National Academies - 1955
American Association for the Advancement of Science

About James Dinsmoor

Born on October 4, 1921 and raised in Woburn, Massachusetts, James Arthur Dinsmoor lived in Britain for part of his youth, which drove some of his lifelong questions of life and science. Dinsmoor attended Dartmouth College and Columbia University and was a social activist and pacifist, serving for a time on the national executive committee of the Young People’s Socialist League. Later, on the faculty at IU, he helped to organize opposition to the war in Vietnam, chaired the first campus teach-in, and spoke on radio programs and at numerous political rallies. In 1966, Jim ran an independent campaign for the United States Congress on a Peace Platform.

After earning his PhD in 1949 at Columbia where he had been a lecturer, Dinsmoor came to Indiana University in 1951, where he rose through the ranks to professor of psychology. Dinsmoor’s research focused on the possibility of substituting the power of operant concepts and procedures for philosophical-political debates over untestable theories of the causation of behavior. He made fundamental contributions to the analysis of conditioned reinforcement, the use of signaling (discriminative) stimuli to shape and control behavior related to both positive and negative reinforcers. One of his most influential results was the demonstration that observing responses (responses necessary to discover the likelihood of reward) were maintained only by signals of positive outcomes. A cue that predicted the absence of food or the presence of aversive events did not maintain observing. This finding meant that organisms (including humans) will not work consistently to obtaining information, per se, just information that predicts positive outcomes. Jim was instrumental in bringing the flagship Journal of the Experimental Analysis of Behavior to IU.
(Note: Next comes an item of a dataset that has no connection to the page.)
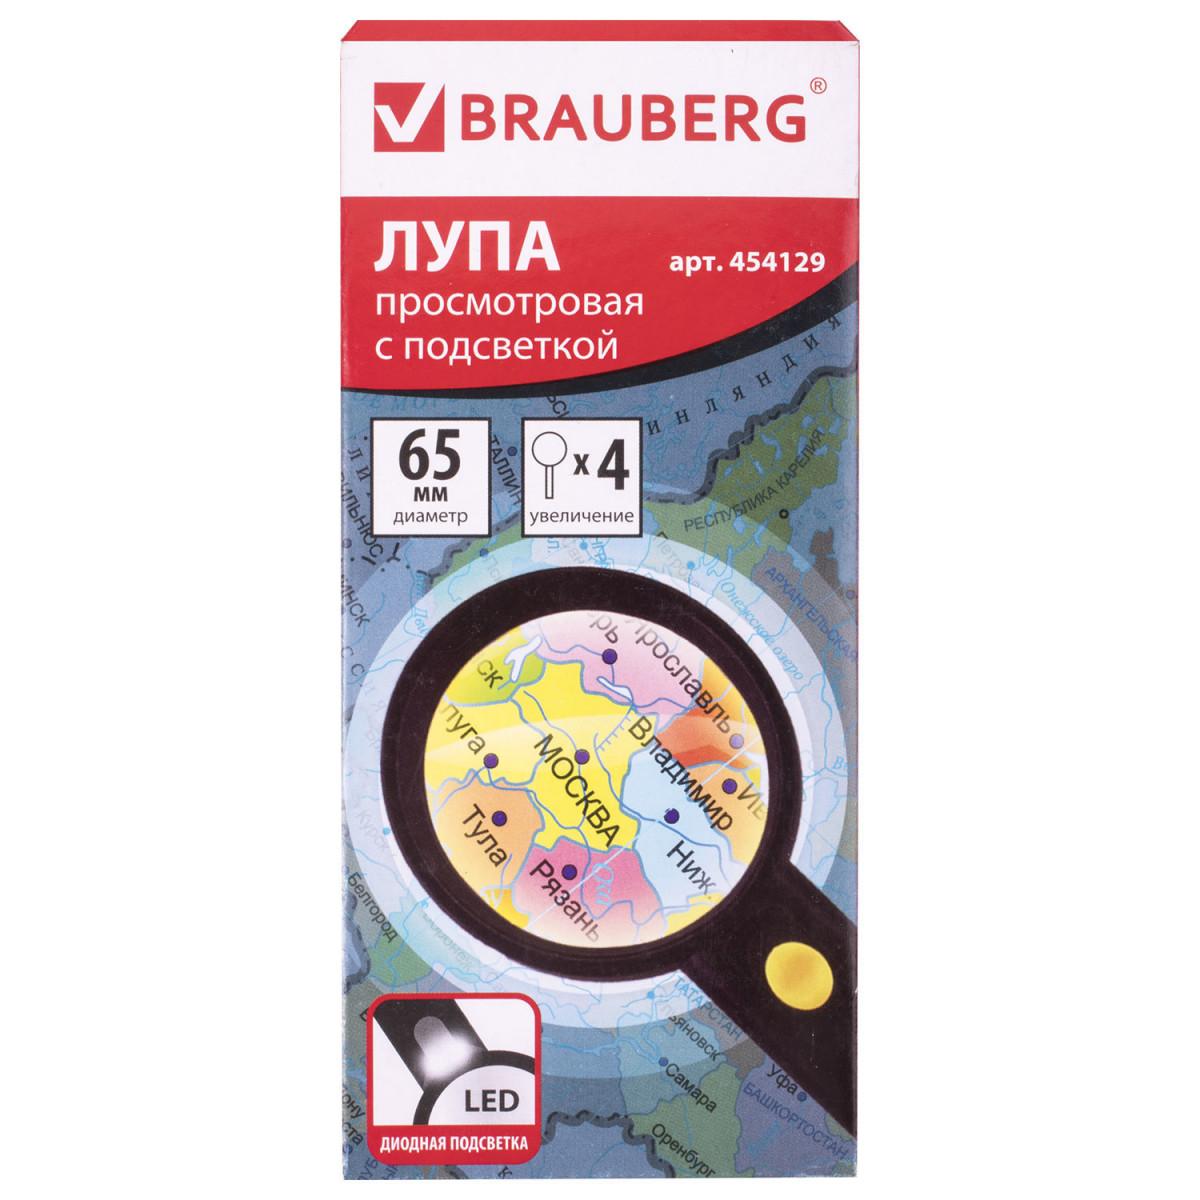 Лупа просмотровая BRAUBERG, С ПОДСВЕТКОЙ, диаметр 65 мм, увеличение 4, корпус черный, 454129 (арт. 454129)

He “retired” in 1986, but he continued for 20 additional years presenting papers, interacting with colleagues, and producing significant articles at a rate approaching 1.5 publications a year. Jim was elected a fellow of the American Association for the Advancement of Science and received the Distinguished Service to Behavior Analysis from the Society for the Advancement of Behavior Analysis. The memorial symposium at the convention was titled: “Jim Dinsmoor : Experimentalist, Scholar, and Gentleman.” Jim died August 25, 2005.